His left sleeve had been rolled back to make room for a catheter that had been inserted into a vein in his arm. A tube brought a clear solution to it from a plastic bag attached to the bedstead. Beneath his pyjama jacket electrodes were taped to his chest; their leads ran over his shoulder to an enamelled box and monitor screen on a shelf halfway up the wall. A green dot raced across the screen, tracing a graph over and over again.
Viktor glanced enquiringly at the nurse. She nodded and helped him raise his father into a sitting position without disturbing the tube or leads. When this was done she plumped up the pillows behind his back.
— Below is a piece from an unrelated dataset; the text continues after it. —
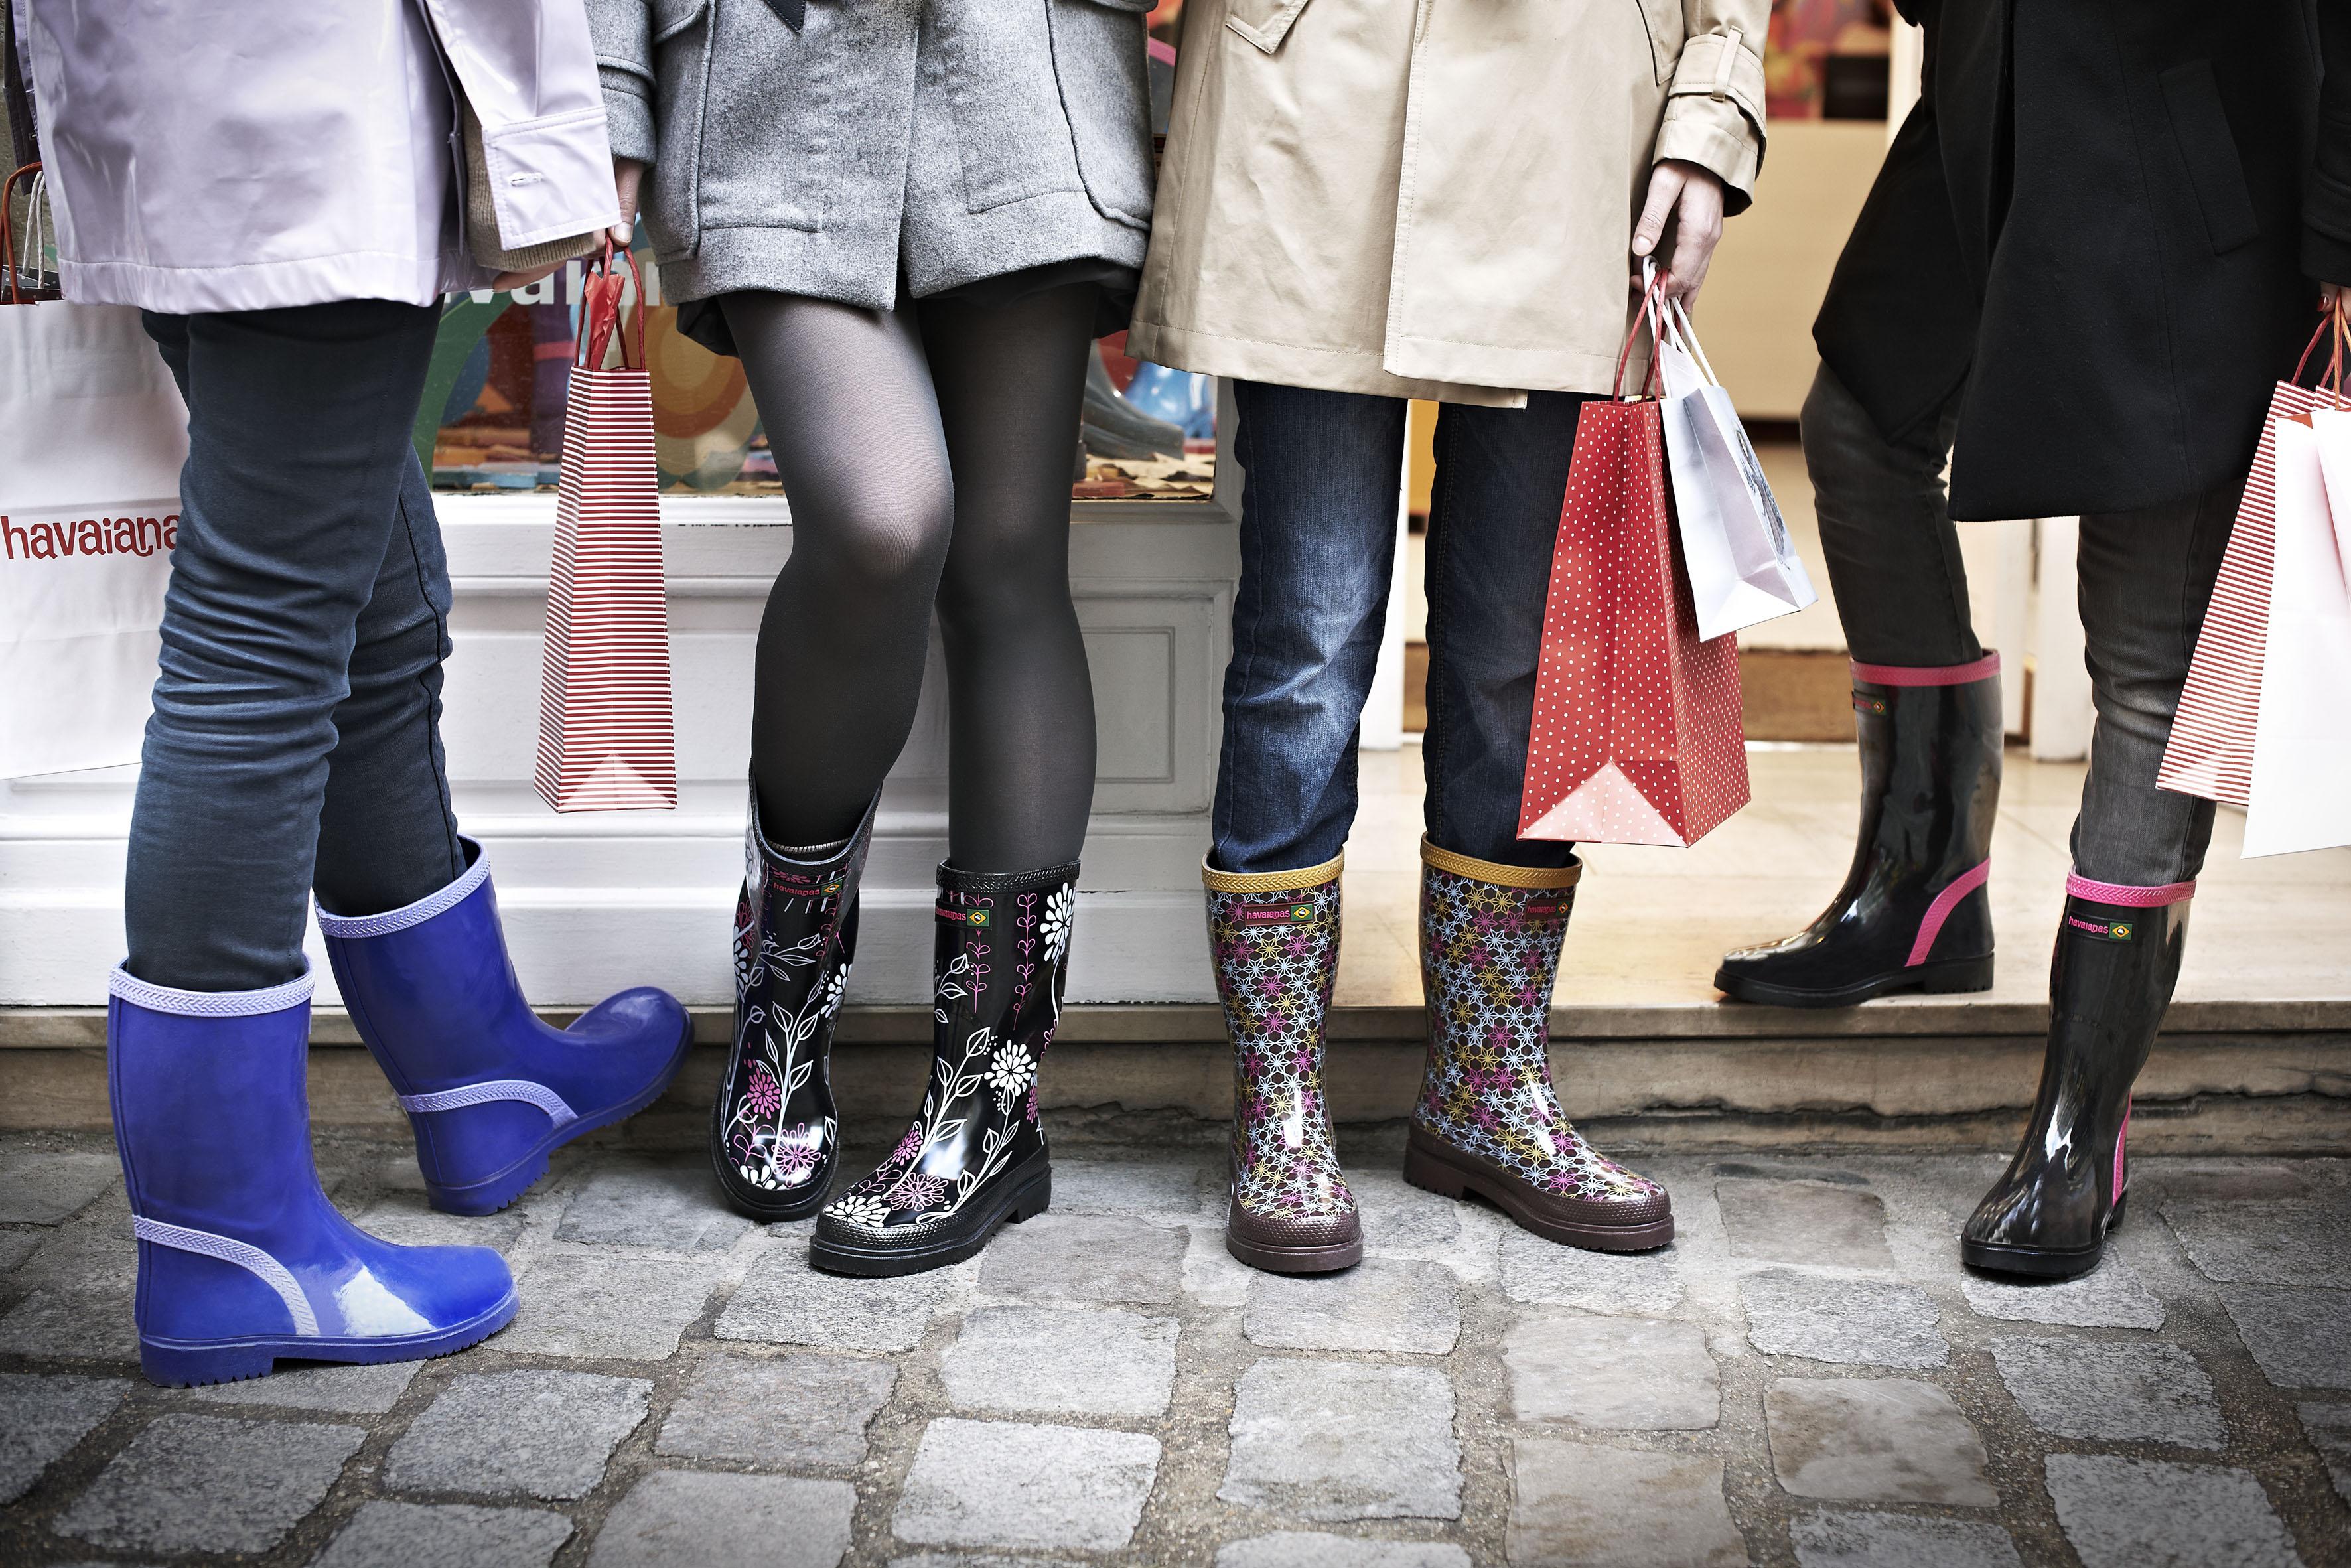 havaianas-boots

‘Not too long, remember,’ she whispered to Viktor. She went back to the trolley and pushed it off to another part of the ward.
Kunaev’s arm protruded like a white stick from his sleeve as he reached out for the pebble glasses on his bedside table. Slowly he put them on, one wire leg at a time, and studied his son’s thin face.
‘You remember what we agreed?’ he asked eventually.
‘Papa?’
‘You know, Viktor. Don’t pretend. When your mother died.’
Viktor took his hand. It was liver-spotted and bony, not the strong hand he remembered enveloping his own.
‘Don’t be silly, Papa. This isn’t the time to talk about that.’
‘This is precisely the time,’ insisted Kunaev. ‘Will you go through with it?’
Viktor took a long time before he nodded. He couldn’t meet his father’s gaze.
‘And Anna?’ Kunaev pursued. ‘She’s still for it? You talked it over again with her?’
Another slow nod.
‘Do it for her and little Andrei, Viktor. Above all, for Andrei. You owe it to him.’
‘Yes, Papa. I know. Let’s not talk about it any more.’
‘The thing you need. Do you know where in my apartment it is?’ The old man’s voice dropped to a whisper, all the more emphatic for doing so. ‘Can you remember which one it is?’
‘I remember, Papa. You showed me and I remember.’
‘Get it before the housing
people seal the place. Once they do that it could be months before they release anything. You know what they’re like. You mustn’t wait, son. God knows, they might not.’
‘I’ll go there tomorrow morning.’
Viktor felt tears gathering beneath his eyelids. It was one thing to talk and plan, quite another to face up to the moment when it came. Now they seemed to be urging it nearer.
He realised that his father was still watching him, and turned away.
‘You were always like your mother, Viktor. Sentimental. She could never throw things out, no matter how broken and useless they were. She wanted to hang onto them forever. Just because they’d been good once.’
‘I remember.’
‘You can’t hang on to the past, Viktor. If something’s no good any more, throw it out and make do with the memory.’ His voice became a whisper again. ‘That goes for countries too.’
‘Enough, Papa,’ Viktor said gently. ‘You should rest now. And I should go, to let you.’
‘Rest?’ The old man smacked the bed weakly. ‘Time enough to rest when I’m dead. Don’t rush me into it.’
Nevertheless he settled back against the pillows and let his eyes close behind the thick lenses. Viktor thought he was dropping off again, but after a moment he smiled.
‘Speaking of memories, son, did I ever tell you about the day Khrushchev visited us at Izmaylovo? It was just before the bastards hounded him out of power that autumn. He was a real man of the people, our Nikita. Did I tell you how he and I walked like brothers in the gardens and yarned about our childhoods?’ He opened his eyes and peeled the spectacles off.
Viktor smiled. He’d heard the story a thousand times. He looked up and down the ward but the nurse was nowhere to be seen.
‘I’d love to hear it, Papa. But only if you get some sleep afterwards.’
Kunaev settled back, satisfied. ‘It was my last year in charge of the academy. Your mother and you spent the summer out at Serebryanyy Bor. I think you came to visit me sometime early in the summer. Yes, now I think of it, you definitely did.’ He stopped and his expression seemed to cloud; the smile faded. ‘It was the year they landed me with that young whippersnapper as my captain adjutant. That’s how I remember you visiting me – you met him. You might remember, I suppose. You were only twelve or so. Now, what was his name? Unpleasant piece of work.’